--- Brief ---
Where the line containing "Cowboy Boots, Hat & Guitar" appears below, start there and repeat each line exactly to the end. Leave the pictures out.

--- Source data ---
Start of Block
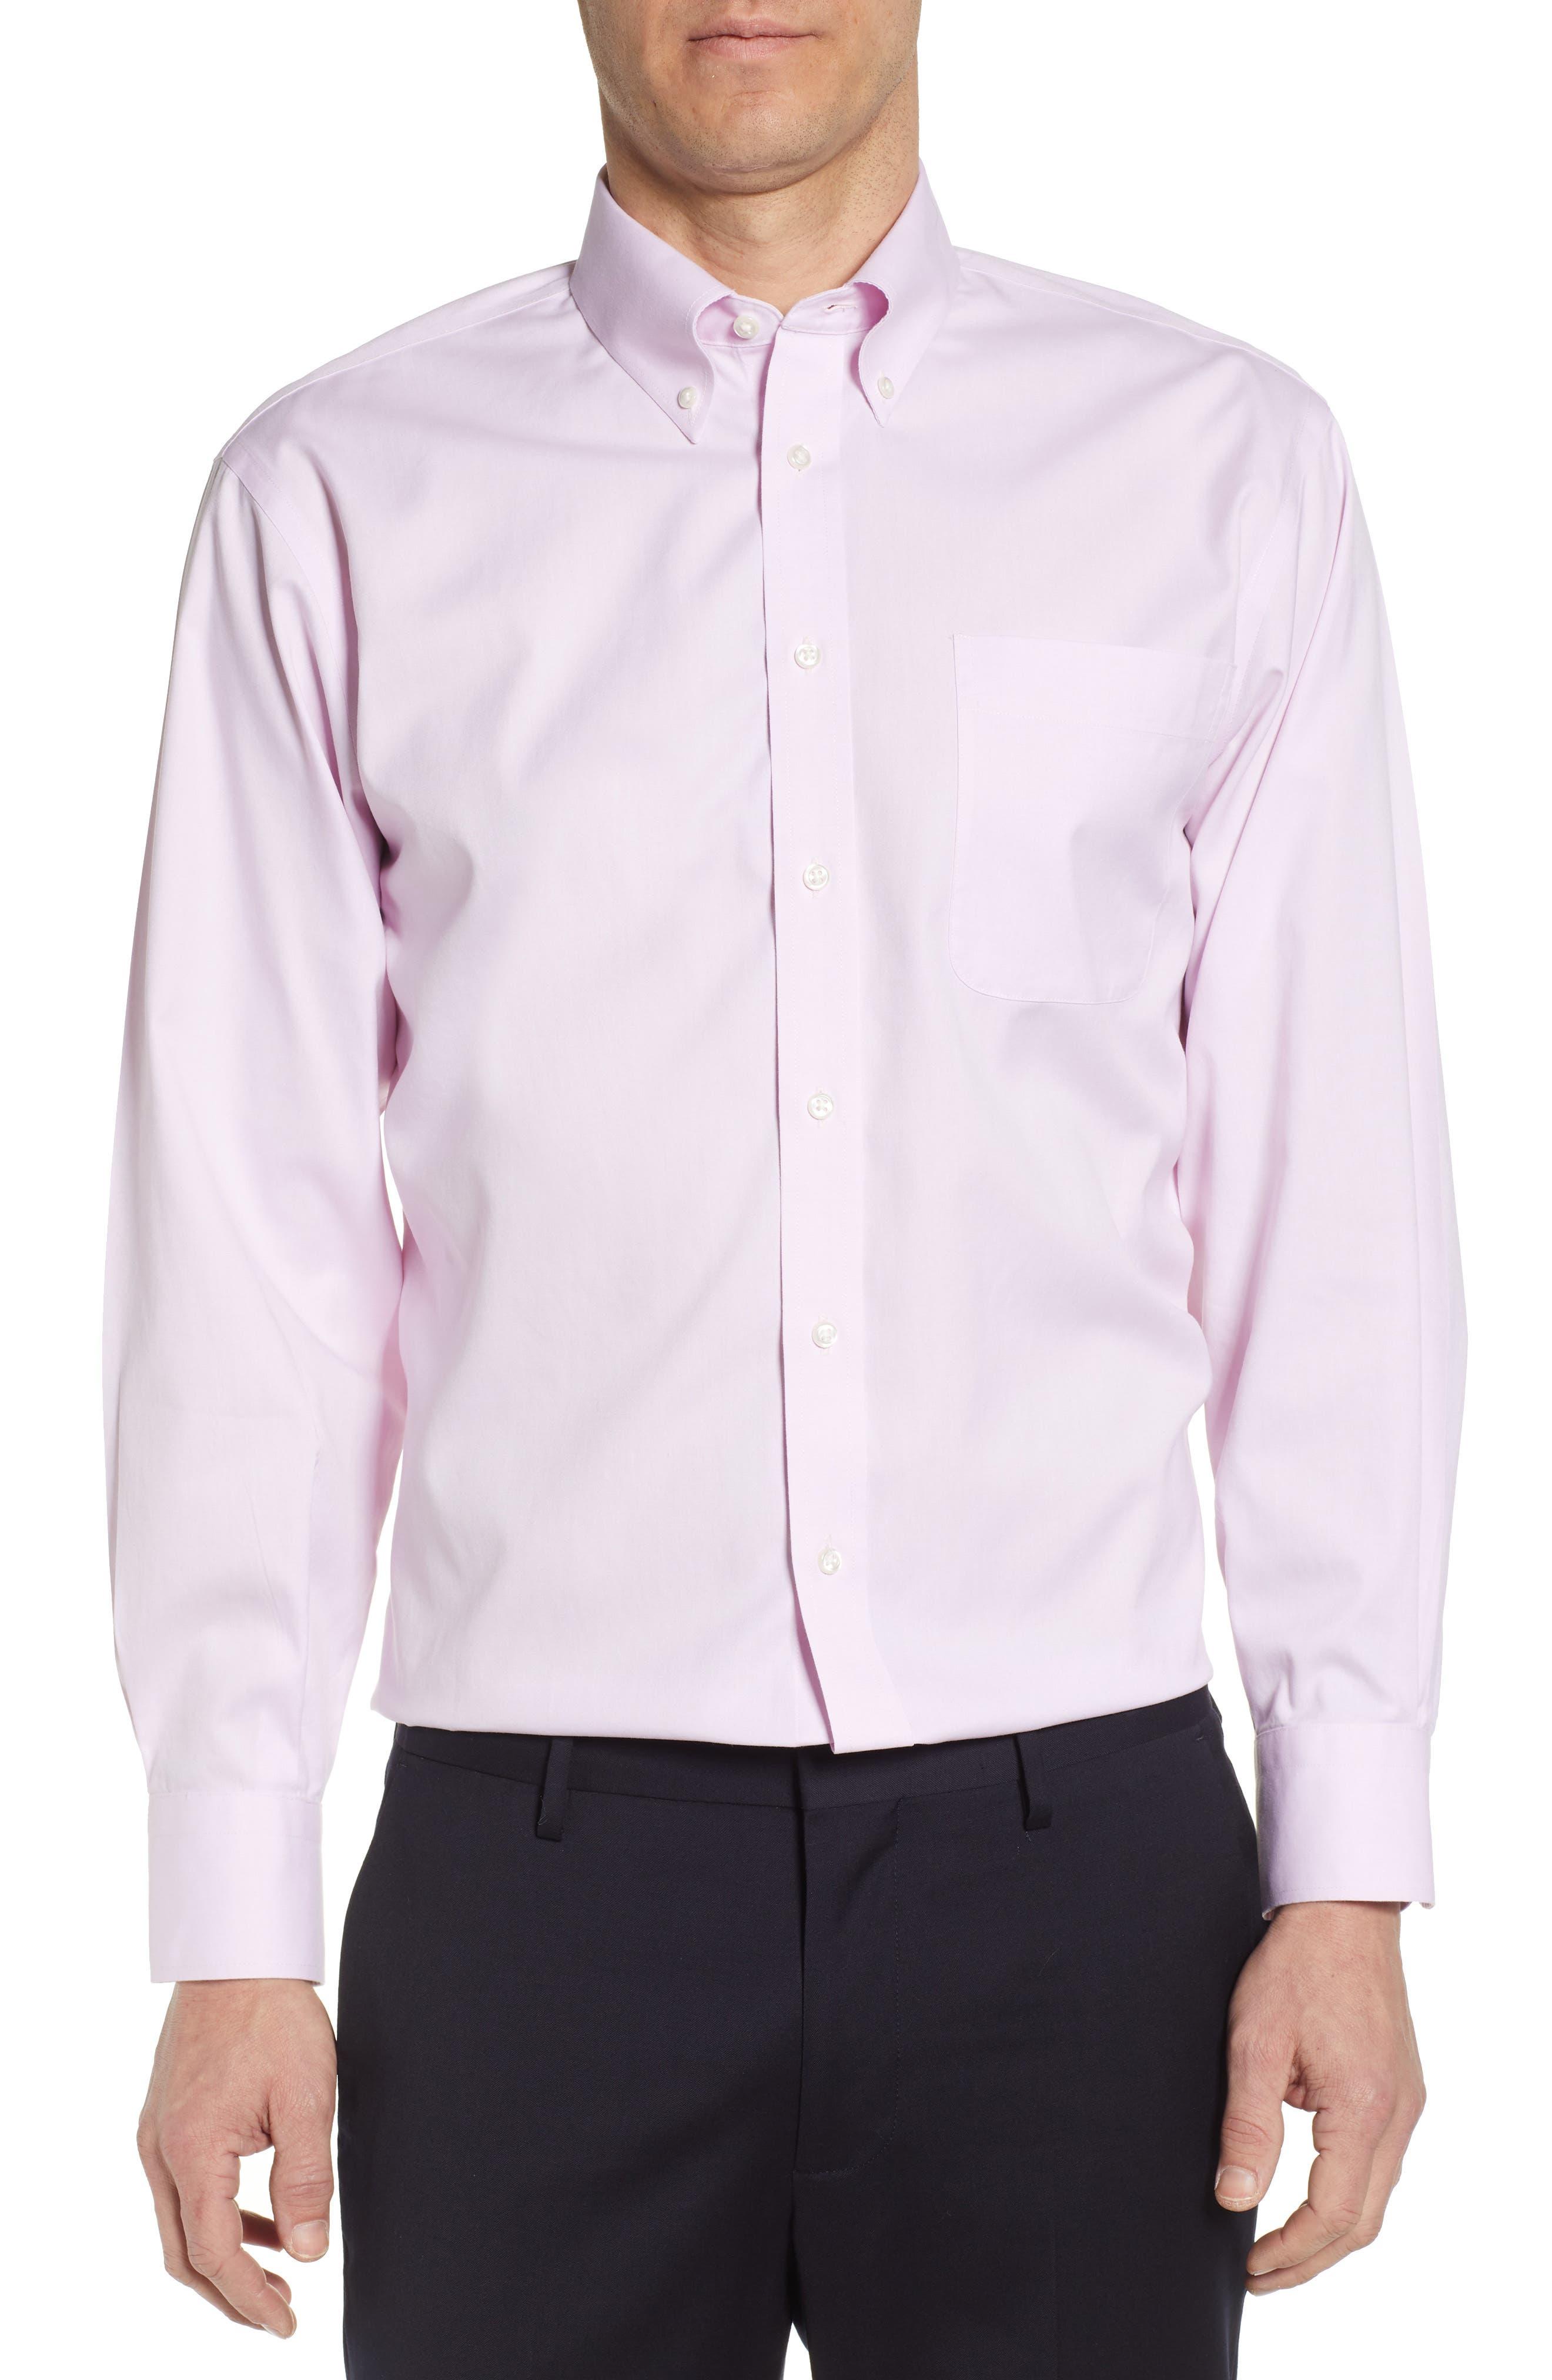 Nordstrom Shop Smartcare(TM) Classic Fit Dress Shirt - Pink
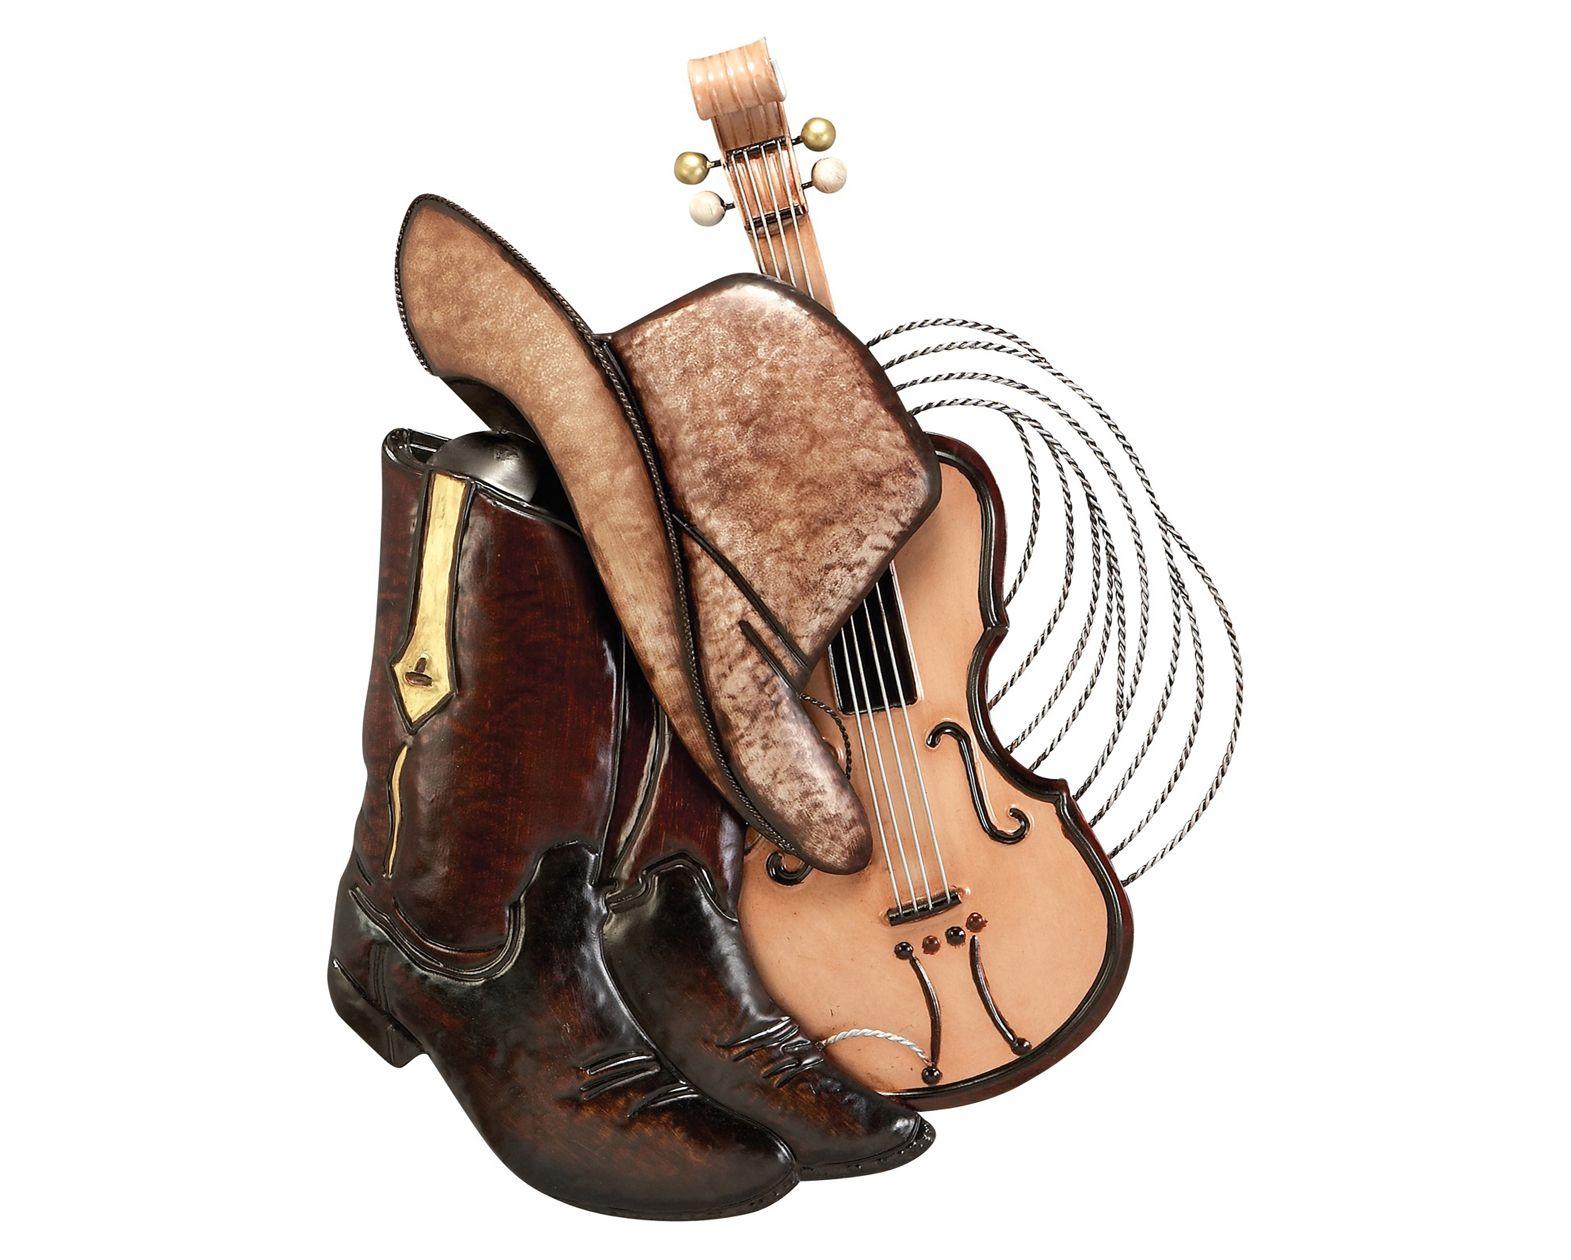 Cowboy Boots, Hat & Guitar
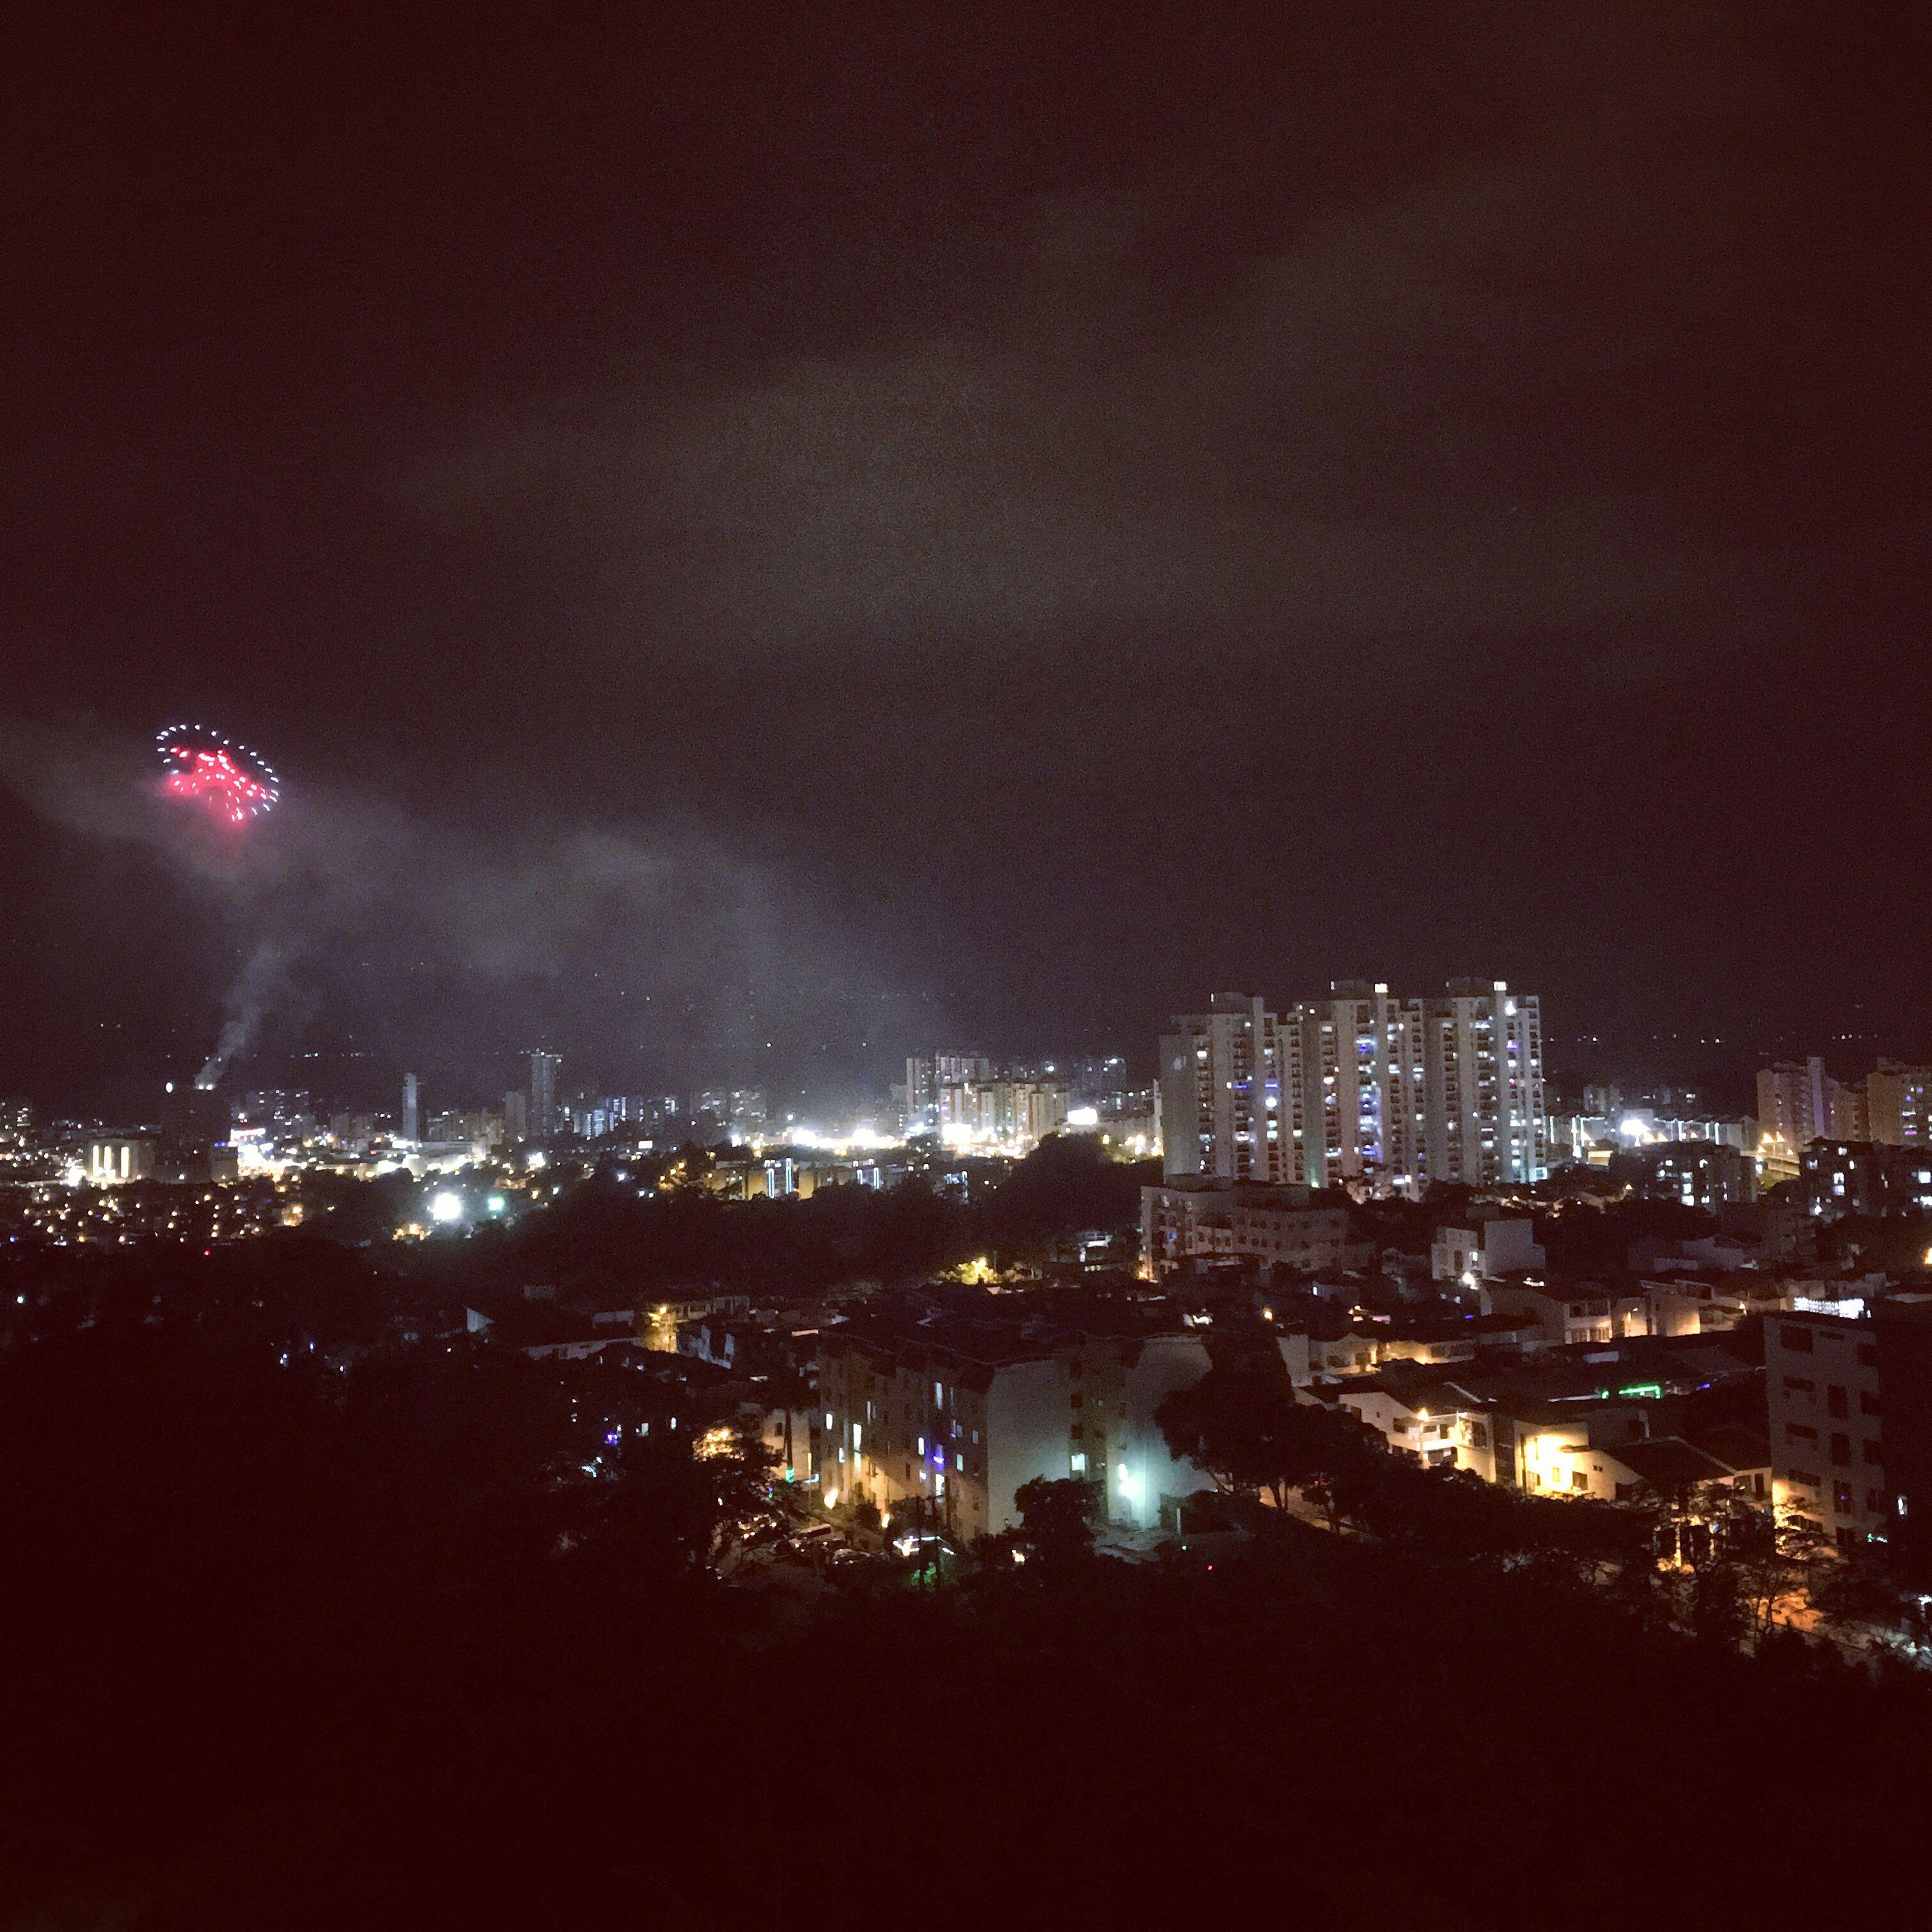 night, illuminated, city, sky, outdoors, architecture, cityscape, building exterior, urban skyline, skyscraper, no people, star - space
End of Block
--- Answer space ---
 Cowboy Boots, Hat & Guitar
 night, illuminated, city, sky, outdoors, architecture, cityscape, building exterior, urban skyline, skyscraper, no people, star - space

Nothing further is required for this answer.